CAPÍTULO 44

Cuando la ajetreada vida de la televisión te trae de cabeza, siempre de reunión en reunión, de programa en programa, de intriga en intriga, piensas: «Uf, ¡qué bien viviría con un trabajo sencillo! Seguro que no tendría estrés». Pero luego, cuando tienes un trabajo sencillo como el mío en el chiringuito de Hans, sólo piensas una cosa sobre los deseos de antaño, y es: «¡Vaya mierda!».

Estar de pie en aquel chiringuito era un infierno: al cabo de diez minutos, ya me dolían las articulaciones y me preguntaba cómo había conseguido Maria resistir aquello a diario.

La grasa que usábamos para las patatas fritas era del año de la pera y la plancha estaba tan mugrienta que seguramente ya se había desarrollado vida inteligente en su suciedad. Preferí no imaginar quién se habría reencarnado allí en bacilo. Y, claro, yo no era capaz de asar una salchicha como es debido: la primera fue a parar a la basura, carbonizada.

—¿Por qué tiras la salchicha? —preguntó Perrito Caliente Hans, trinando.

—Hummm…, déjame pensar, ¿porque está casi negra? —contesté con cierta ironía en la voz.

—¡Vuelve a ponerla en la plancha!

—¡Pero si seguro que es cancerosa!

—¿Sabes qué me importa a mí eso?

—¿Un carajo?

—Exacto. Y ahora recógela y ponla en la plancha.

—¿Y la palabra mágica?

—¡Aligera!

—Habrá que practicar lo de las palabras mágicas —dije.

Pesqué aquella asquerosidad del cubo de la basura, la tiré encima de la plancha y me pregunté: «¿Cuántas cosas desagradables me pasarán aquí todavía?».

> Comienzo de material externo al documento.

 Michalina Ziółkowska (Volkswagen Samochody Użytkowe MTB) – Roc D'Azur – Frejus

Al cabo de una hora y pico recibí la respuesta. Un parado de unos veinticinco años, rapado y con cazadora «bomber» y botas Martens, se quejó de que la ensalada de patata era incomestible. (Lo cual no era de extrañar, ya que Perrito Caliente Hans no se dejaba influir por cosas tan tontas como la fecha de caducidad).

—Esta ensalada es más asquerosa que tú, sebosa —dijo el tiparraco.

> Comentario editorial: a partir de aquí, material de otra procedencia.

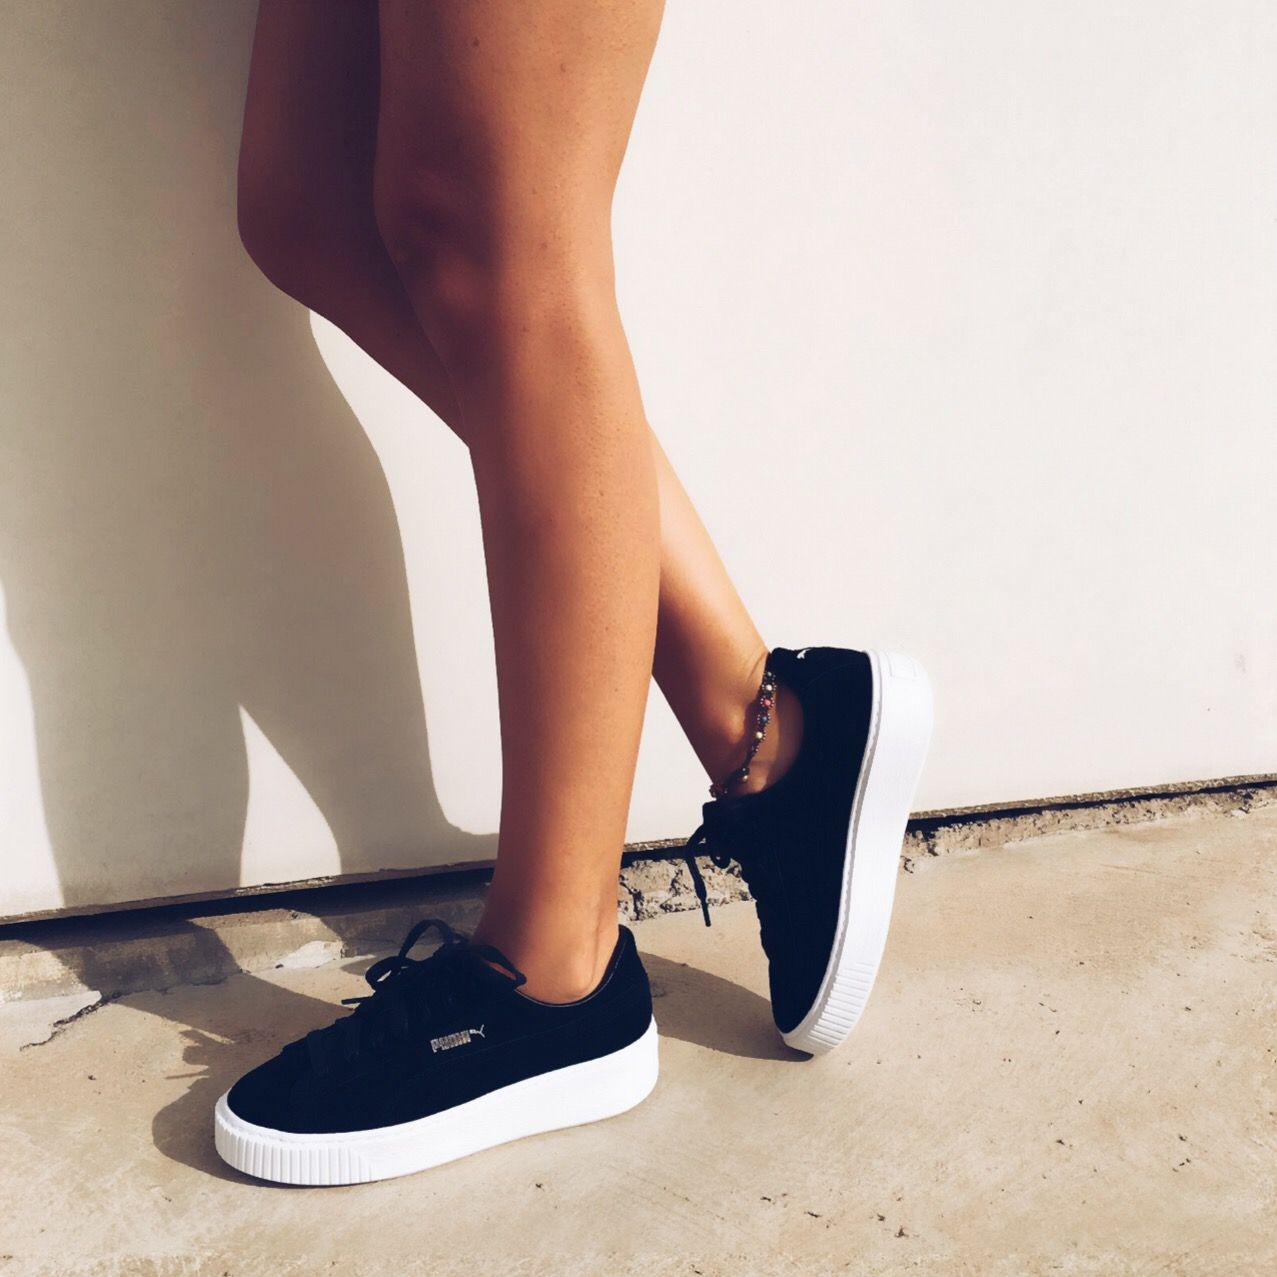 b4ddb35e Creepers serraje negro PUMA | Síguenos en Instagram | Zapatos puma ...

—Mejor sebosa que débil mental —contraataqué.

Me indignó que se burlara del cuerpo de Maria, que había sido una mujer tan cordial. (Aún no me había entrado en la cabeza que ahora era mi cuerpo).

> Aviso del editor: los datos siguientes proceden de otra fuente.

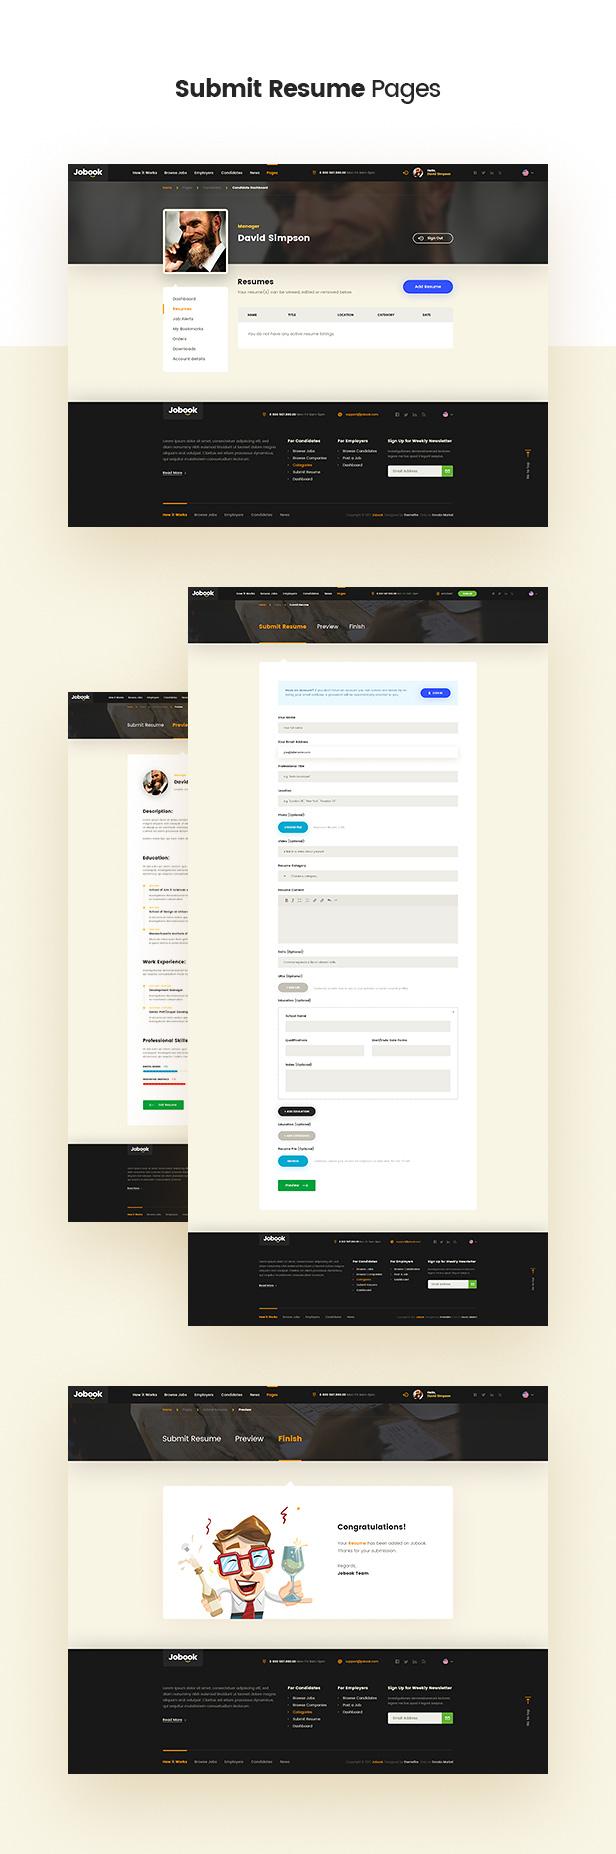 Jobook - A Unique Job Board Website PSD Template - 7

El tipo entornó los ojos, amenazador:

—No sé qué has querido decir con lo de débil mental, ¡pero te voy a partir la cara!

Puesto que no me imaginaba que fuera realmente capaz de pegar a una mujer, dije:

—¡Va, ven!

No fue una buena idea.

—Vale —dijo.

—¿Vale? —pregunté con un mal presentimiento.

—Ajá —replicó, y abrió la puerta del chiringuito con la firme intención de pegarme: en aquella zona, la caballerosidad dejaba mucho que desear.[20]

Miré a Perrito Caliente Hans con la esperanza de que me ayudaría, pero desvió la mirada cobardemente y murmuró algo así como: «Yo de ti me disculparía».

El Roto se había ido hacía rato (a Perrito Caliente Hans no le gustaba que rondara por allí) y, por lo tanto, me encontraba sola frente al tiparraco agresivo.

Gracias a Dios, en un chiringuito como aquél había muchas cosas útiles: botes de kétchup, una fregona y tenazas.

Cogí instintivamente el bote y le eché un buen chorro de kétchup al curry en los ojos.

—¡Te mataré, zorra!

Yo no tenía el más mínimo interés en que me mataran. Por eso cogí la fregona y se la clavé con todo mi —considerable— peso en la barriga. El skin cayó al suelo profiriendo un grito sordo. Cogí las tenazas, se las puse en la entrepierna y lo amenacé:

—Si no te largas ahora mismo, no podrás darle descendencia al Führer.

El skin asintió con la cabeza:

—Perdona —dijo, y emprendió la huida.

Miré a Perrito Caliente Hans, que estaba visiblemente impresionado. Con las tenazas y el bote de kétchup en la mano, le pregunté:

—¿Quieres ser el siguiente?

Perrito Caliente Hans meneó la cabeza.

—Pues dame mi dinero.

Precisamente eso fue lo que hizo, y yo me fui del chiringuito con ciento cuarenta y tres euros y treinta y ocho céntimos.

Le oí murmurar a mis espaldas «Mañana la echo», pero lo ignoré. No pensaba regresar nunca más a aquel local.